Ogłoszenie

Collapse
No announcement yet.

Rumunia, Cluj Napoca, Strada Regele Ferdinand 22-26, Klausen Burger

Collapse
X
 
  • Filtruj
  • Czas
  • Pokaż
Clear All
new posts
  • bastion
    PremiumUżytkownik
    • 10-2006
    • 1117

    Rumunia, Cluj Napoca, Strada Regele Ferdinand 22-26, Klausen Burger

    Wiadomość że w Cluj Napoce działają dwa minibrowarki, była wystarczającym powodem aby zaglądnąć tam po kilkunastu latach nieobecności.
    Samo miasto jako jedno z niewielu w Rumunii jest godne zwiedzenia i może być celem samym w sobie.
    Miasto które jest miejscowym centrem uniwersyteckim, kipi życiem dzięki młodym ludziom, widocznym dosłownie wszędzie.
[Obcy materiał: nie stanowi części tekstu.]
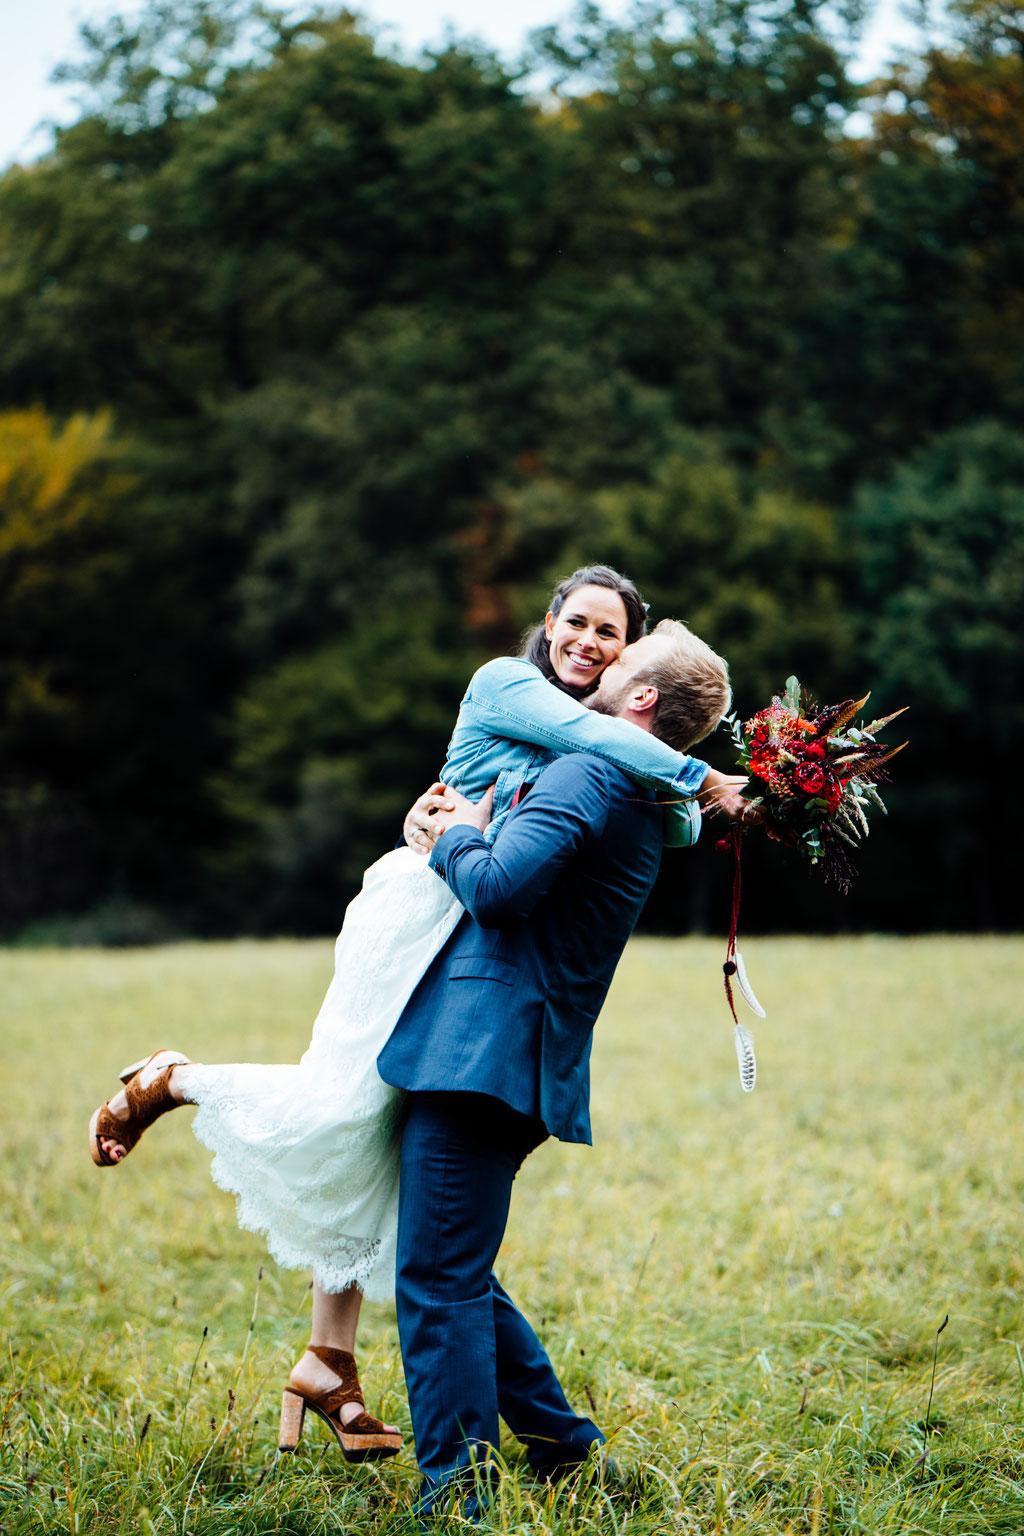 Brautpaaraufnahmen, Brautpaar, Hochzeit, Freie Trauung, Hubertushütte, Lentschik, Hochzeitsfotografin Rheingau, Wiesbaden

    To też się rzuca w oczy, po wyjechaniu na czwarte piętro miejscowego centrum handlowego, gdzie w 2010 roku urządzono restauracje wraz z minibrowarem.
    Niestety dokładniejszych informacji co do tego kto jest producentem aparatury, czy nawet ekstraktu piw, nie uzyskałem.
    Wystrój typowo ''galeriowy'', znany z wielu komercyjnych miejsc handlowych, jakich u nas również pod dostatkiem.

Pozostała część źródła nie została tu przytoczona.